Menurut Majid & Rochman (2014:75) “Pendekatan ilmiah (scientific
approach) dalam pembelajaran semua mata pelajaran meliputi menggali informasi
melalui pengamatan, bertanya, percobaan, kemudian mengolah data atau informasi,
menyajikan data atau informasi dilanjutkan dengan menganalisis, menalar, kemudian
menyimpulkan dan mencipta”. Sebagaimana yang dimaksud dalam pendapat tersebut
bahwa pembelajaran yang dilakukan harus meliputi beberapa aspek yaitu mengamati,
menanya, mencoba, mengolah, menyajikan, menyimpulkan, dan mencipta dari semua
mata pelajaran. Berikut penjabaran dari delapan langkah pembelajaran saintifik
menurut Majid & Rochman.
a. Mengamati
Mengamati adalah kegiatan yang cukup mudah dalam pelaksanaanya.
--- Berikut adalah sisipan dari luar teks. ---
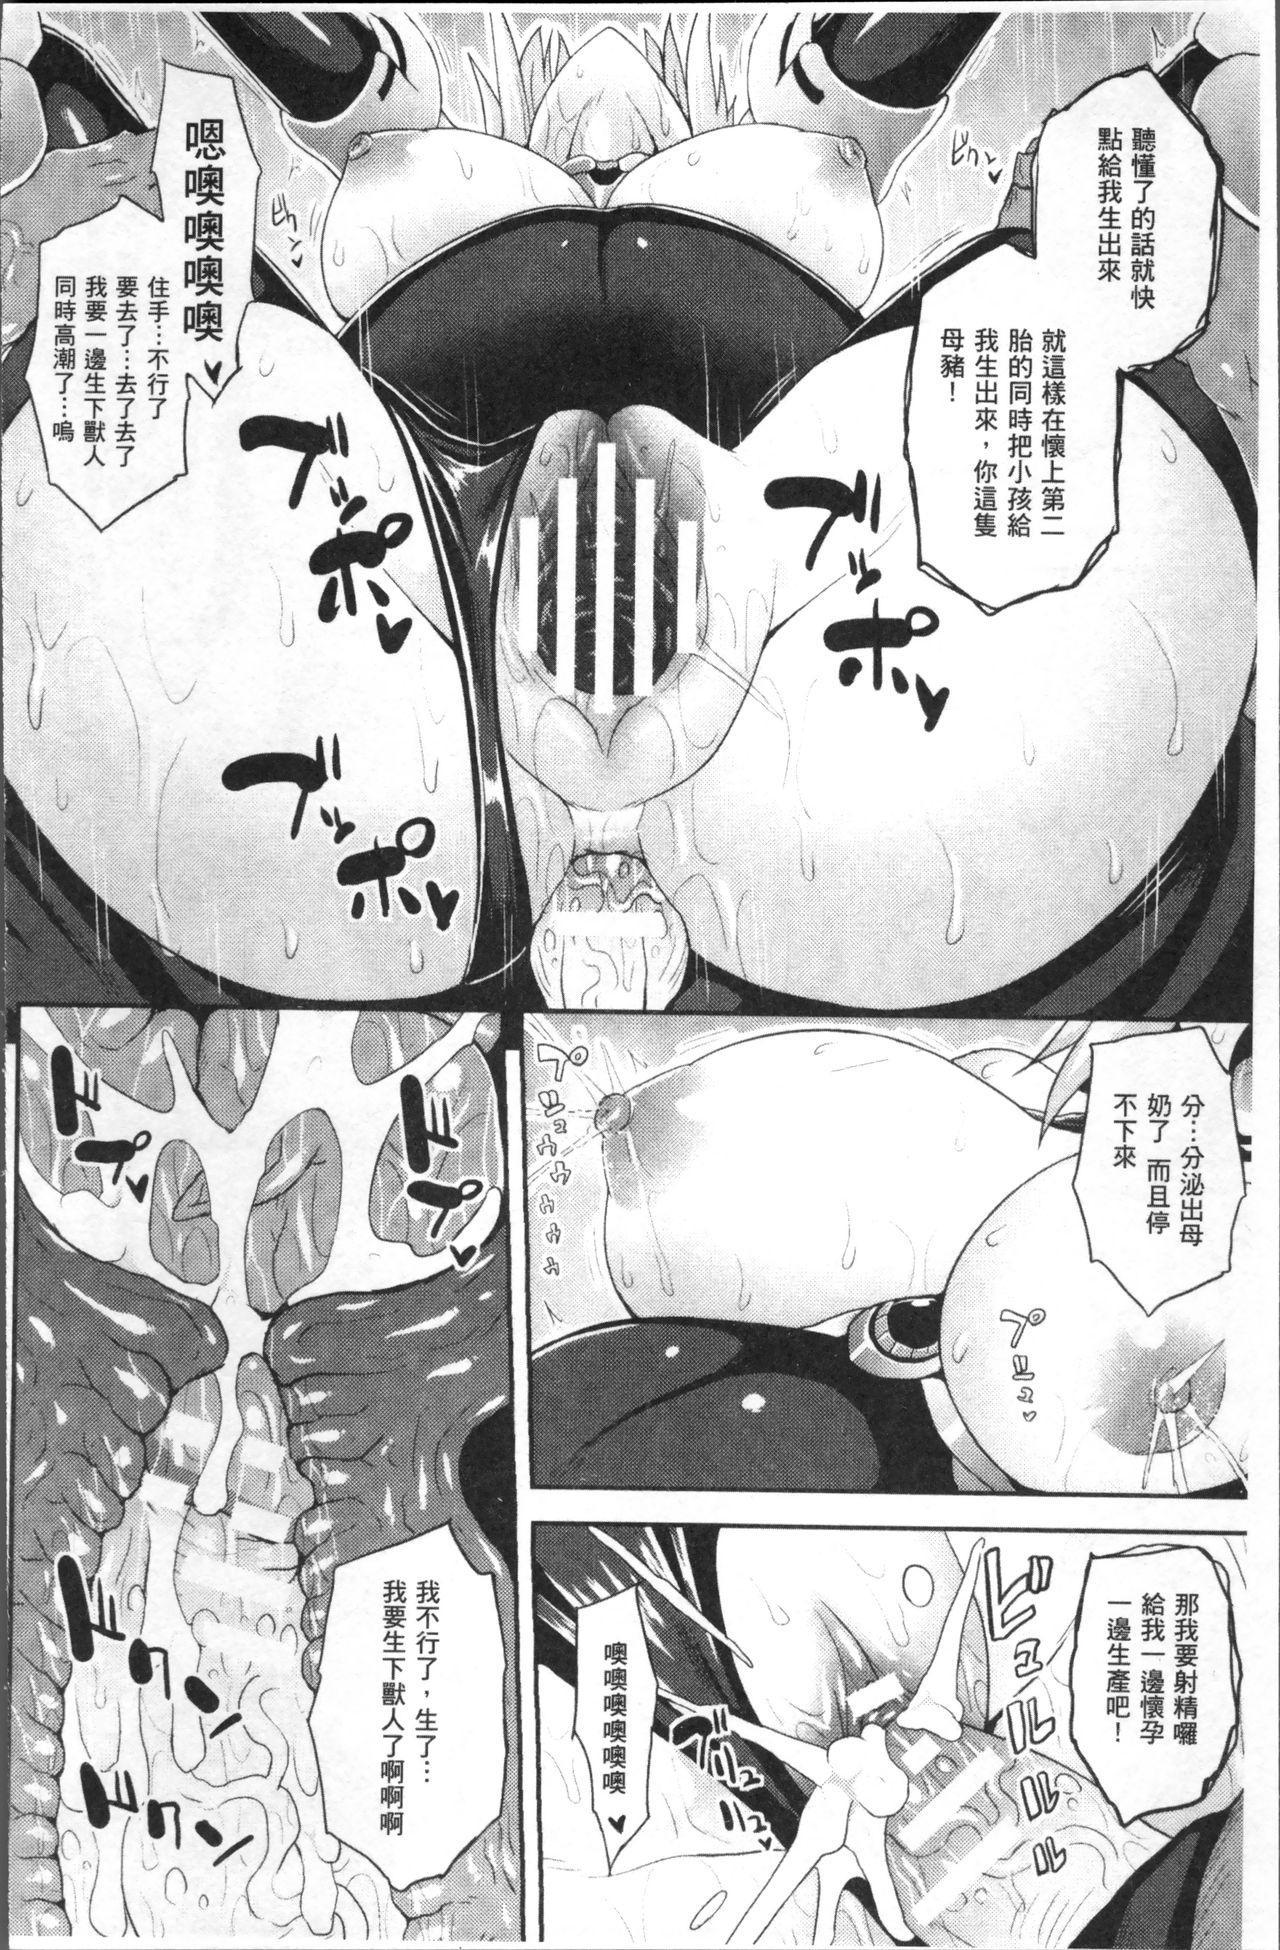 Bessatsu Comic Unreal Ningen Bokujou Hen 4 91
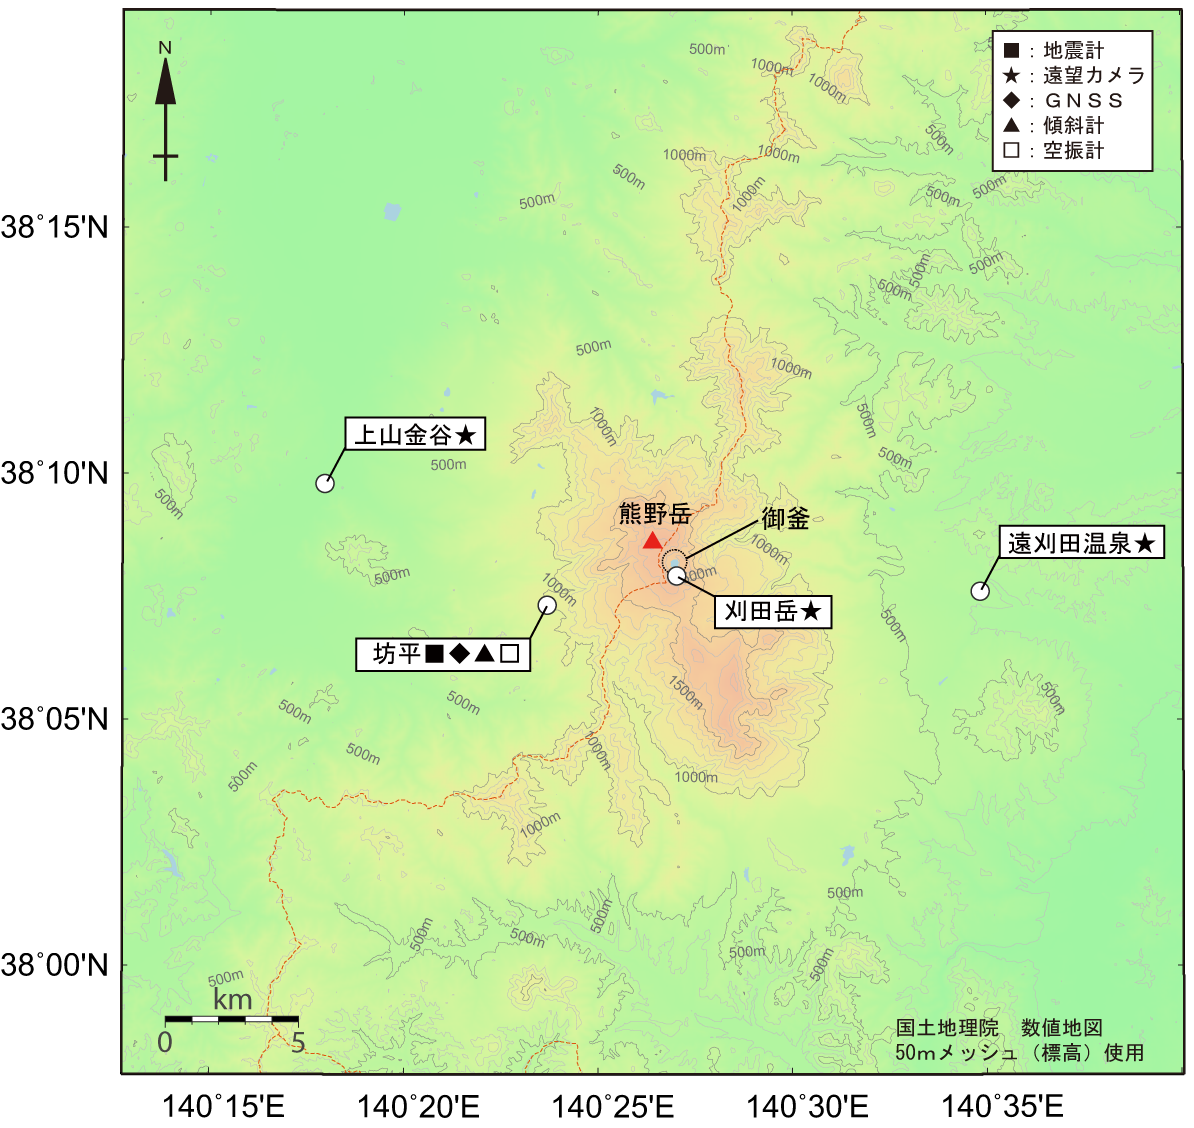 蔵王山 地震計・空振計・傾斜計・GPS・遠望カメラ

Berkaitan dengan aktivitas belajar siswa, kegiatan mengamati adalah bentuk
pengumpulan berbagai informasi yang memiliki kaitan dengan materi yang diajarakan
oleh guru. Kegiatan mengamati ini juga sebagai bentuk latihan agar siswa
berkesempatan mengasah rasa ingin tahu mereka. Selain itu bagi beberapa anak yang
memiliki rasa ingin tahu tinggi, kegiatan ini menjadi kegiatan untuk memenuhi
kepuasan akan rasa ingin tahu mereka. Kegiatan ini juga memiliki kelemahan.
Menurut Majid & Rochman (2014:75) “tentu saja kegiatan mengamati dalam rangka
pembelajaran ini biasanya memerlukan waktu persiapan yang lama dan matang, biaya
dan tenaga yang relatif banyak, dan jika tidak terkendali akan mengaburkan makna
serta tujuan pembelajaran”.
Kegiatan mengamati atau observasi merupakan kegiatan yang melibatkan
siswa secara langsung, untuk itu guru harus memahami bentuk keterlibatan siswa
dalam kegiatan ini. Majid & Rochman (2014:76) menjabarkan tiga jenis observasi,
26
yaitu: 1) observasi biasa (common observation); 2) observasi terkendali (controlled
observation); 3) observasi partisipatif (participant observation).
Kegiatan observasi akan efektif jika siswa melengkapi diri dengan alat-alat
pencatatan dan alat-alat lain yang menunjang, seperti: tape recorder yang digunakan
untuk merekam data informasi berupa audio, kamera yang digunakan untuk
menangkap data atau informasi dalam bentuk visual, film atau video yang dapat
digunakan menangkap informasi atau data berupa audio visual serta alat-alat lain
sesuai keperluan. Lebih lengkapnya alat atau instrument penunjang observasi dapat
berupa daftar cek (check list), skala rentan (rating scale), catatan berupa anecdot
(anecdotal record) serta instrument yang lain.
b. Menanya
Setelah siswa melakukan kegiatan observasi dan sudah memperoleh berbagai
data yang diperlukan, seringkali siswa memperoleh data dalam kondisi yang menurut
mereka tidak sepaham dengan pemahaman mereka. Dengan kondisi ini jika dibiarkan
maka hal yang terjadi adalah siswa akan mengalami miskonsepsi materi pelajaran dan
jika ketidak sepahaman mereka tidak terjawab akan berdampak pada motivasi belajar
mereka yang menurun. Di sinilah kegiatan menanya diperlukan. Guru harus bertindak
sebagai pihak yang bisa mengkonfirmasi ketidapahaman siswa.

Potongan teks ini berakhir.